Tue, 22 Sep 2020

Thousands of people rallied in Pakistan's major cities on August 5 to mark the date a year ago when neighboring India scrapped the special status of territory under its administration in the disputed Himalayan region of Kashmir.

Political leaders, trade unions, councils for lawyers, and rights activists attended the rallies to condemn what they called a 'repressive Indian decision.'

Pakistani President Arif Alvi and Foreign Minister Shah Mehmood Qureshi led the largest rally in the capital, Islamabad, where protesters chanted anti-India slogans and urged world powers to intervene on behalf of residents in the Muslim-majority Indian administered region.

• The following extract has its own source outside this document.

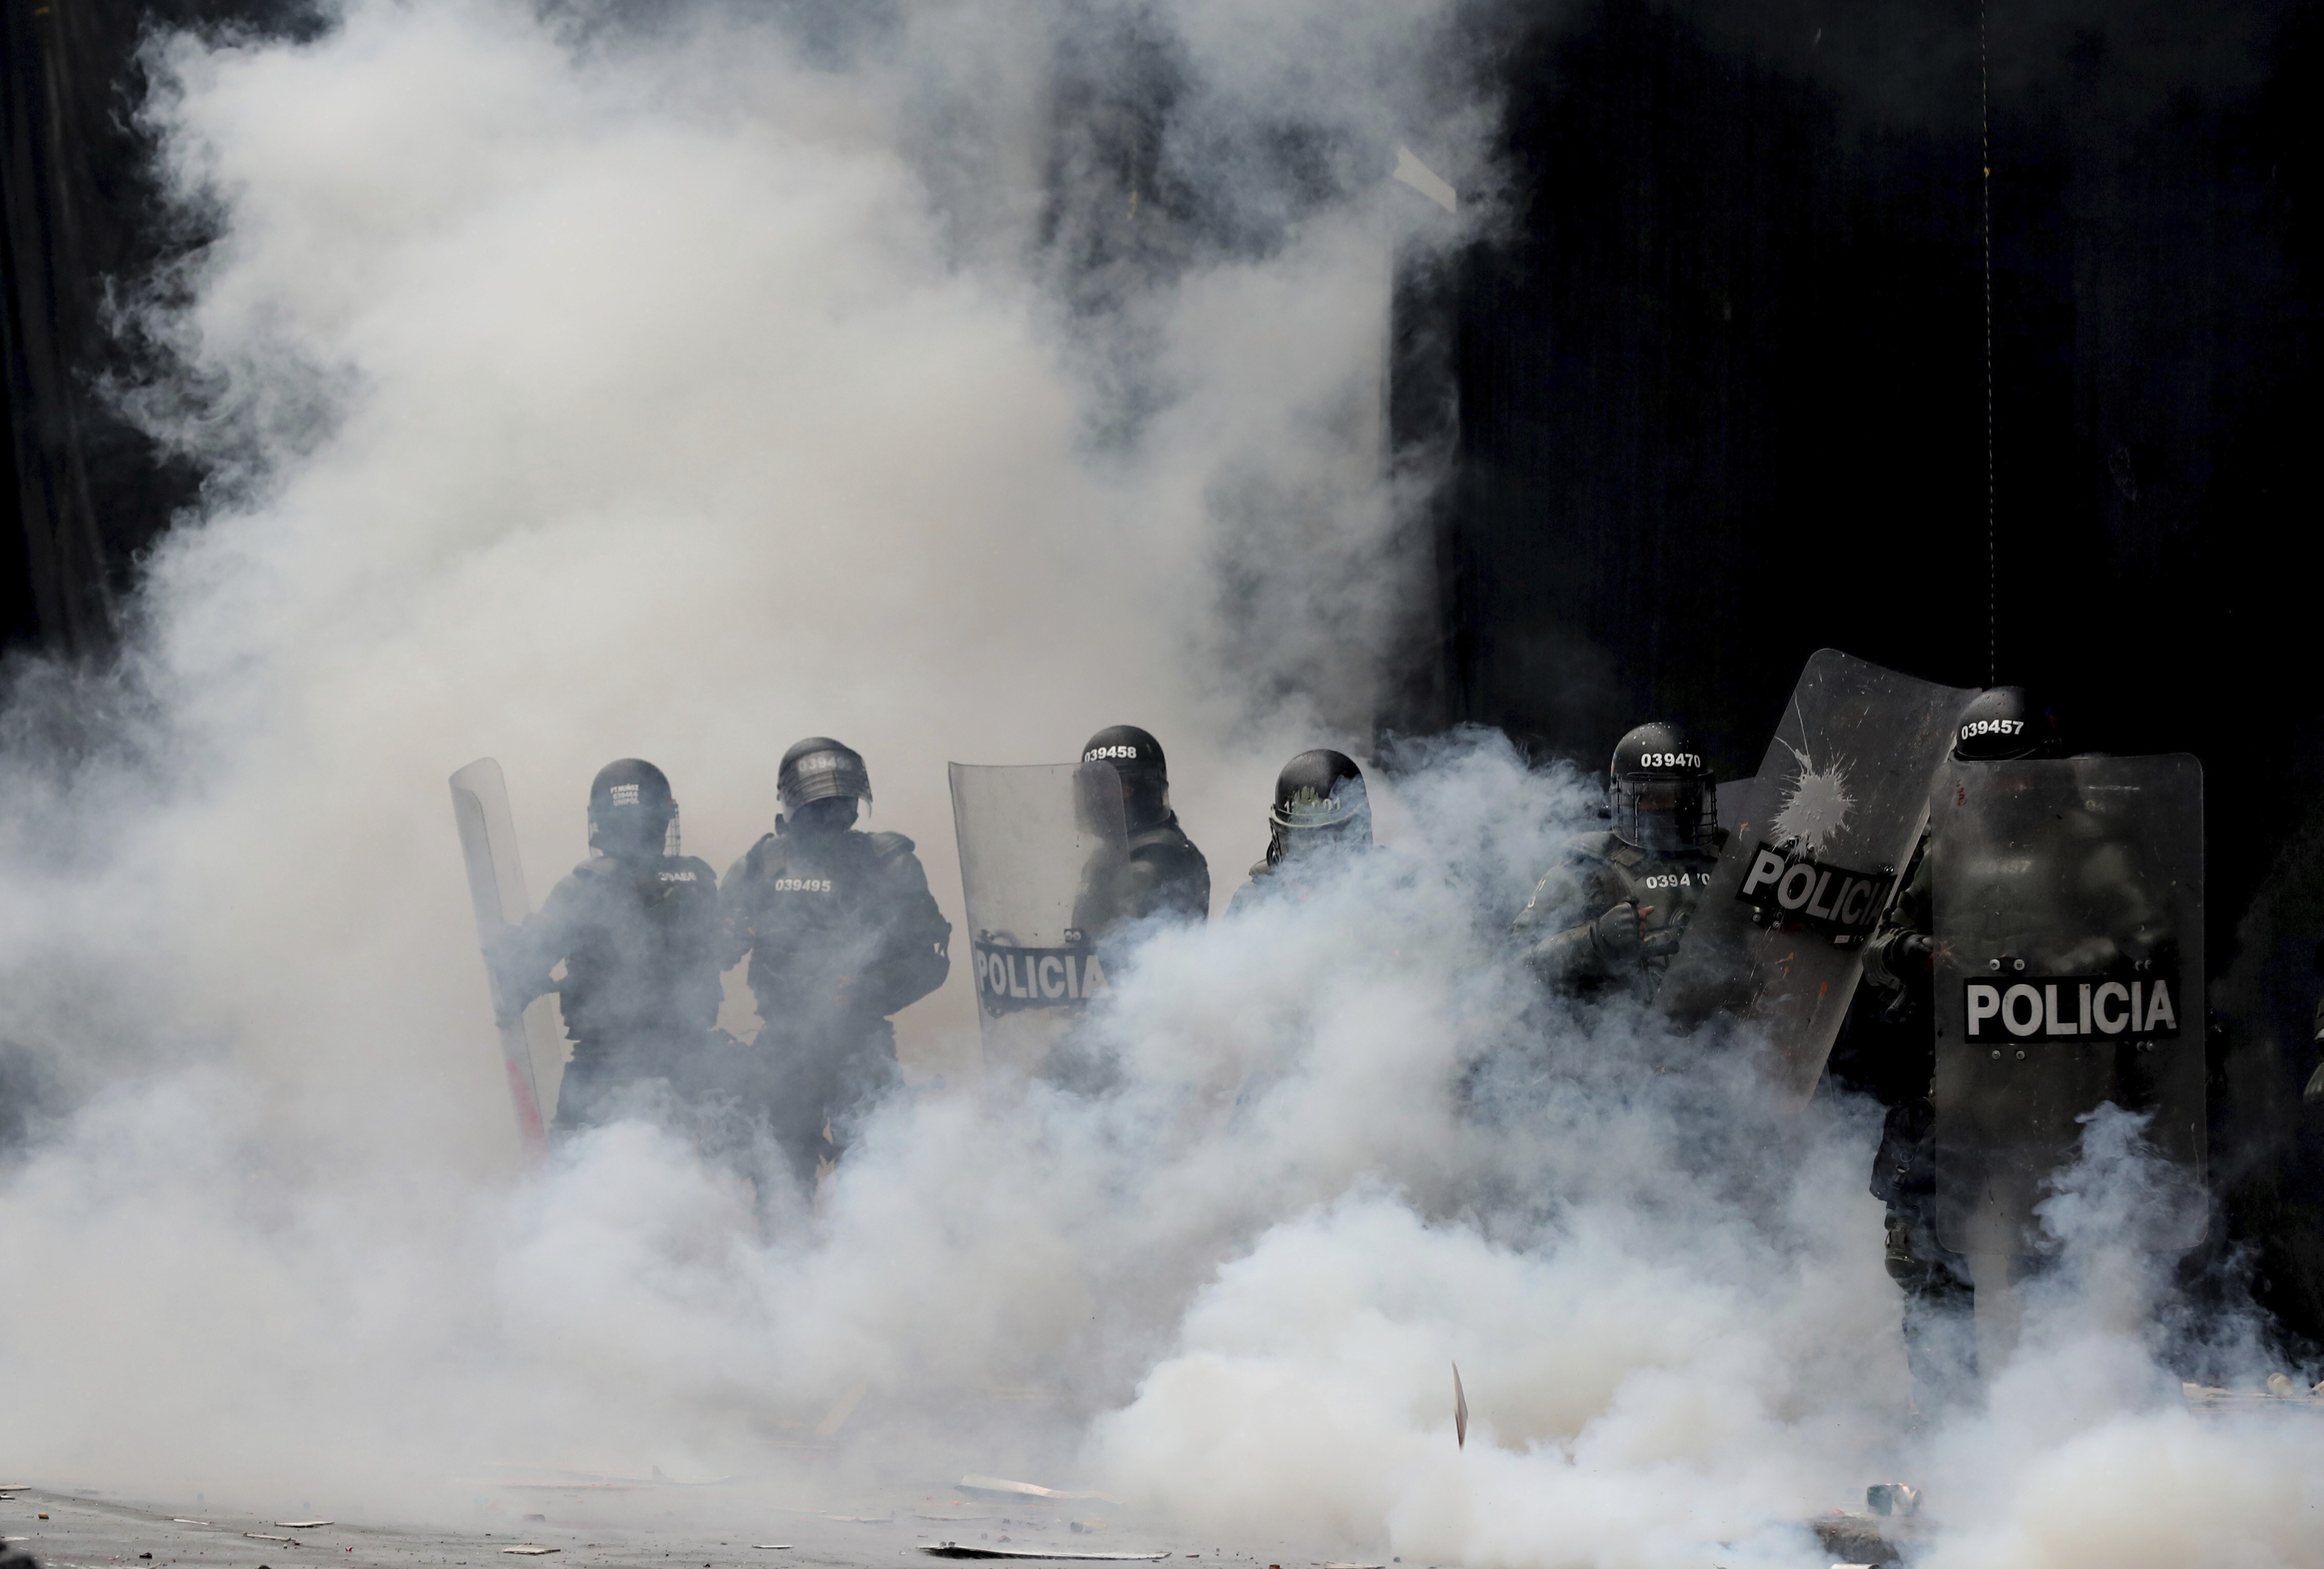 Varios policías se ven inmersos en una nube de gas lacrimógeno tras dispersar a manifestantes en la Plaza Bolívar, en el centro de Bogotá, Colombia, el jueves 21 de noviembre de 2019. (AP Foto/Fernando Vergara)

The Indian government announced on August 5, 2019, that it was changing the status of territory under its control in Kashmir -- a Himalayan valley controlled in parts by New Delhi and Islamabad but claimed by both in its entirety.

Islamabad rejects what it sees as an annexation of Kashmir by India, which in turn opposes Islamabad's position that the region's fate should be decided through a plebiscite conducted by the United Nations.

Pakistan downgraded diplomatic relations with India, suspended a cross-border bus service, and halted bilateral trade in response to New Delhi's move.

'The Indian move in Kashmir is the worst rights violation,' Alvi said.

Pakistani Prime Minister Imran Khan urged the world to intervene against the move that he says has made 8 million Muslims prisoners in their own homes.

On August 4, Pakistan's cabinet approved a new map showing the entire Kashmir region as part of Pakistan and renamed a major road in Islamabad Srinagar Highway, after the capital of Indian-administered Kashmir.

Khan, addressing the nation on August 4 alongside Qureshi, said the new national map had been approved by the cabinet and will be the official map of Pakistan.

The new map marks the Himalayan region as "Indian illegally occupied' Jammu-Kashmir, clearly stating it is disputed territory awaiting final status to be decided by UN resolutions.

Khan said the Kashmiri people have a right of self-determination. But he said this promise has not been honored by the international community.

The map will be used in educational institutions across Pakistan.

India responded by calling the map "an exercise in political absurdity' that establishes "untenable claims" to Indian territory.

The status of Kashmir has been a key dispute between Pakistan and India since the two split in 1947 after British colonial rule. The nuclear-armed rivals each control part of Kashmir and have fought three of their four wars over the region -- including major conflicts in 1947 and 1965, and a limited conflict in 1999.

India accuses Pakistan of sending militants across the Line Of Control that is the region's de facto border to commit violence.

New Delhi also accuses Pakistan of supporting militants in Indian-administered Kashmir -- charges that Islamabad denies.

Indian Prime Minister Narendra Modi's decision to change the status of Kashmir led to a weeks-long clampdown in the region and well-documented human rights abuses.

Indian and Pakistani soldiers have traded gunfire across the highly militarized Line Of Control almost daily for more than a year, killing dozens of civilians and soldiers on both sides.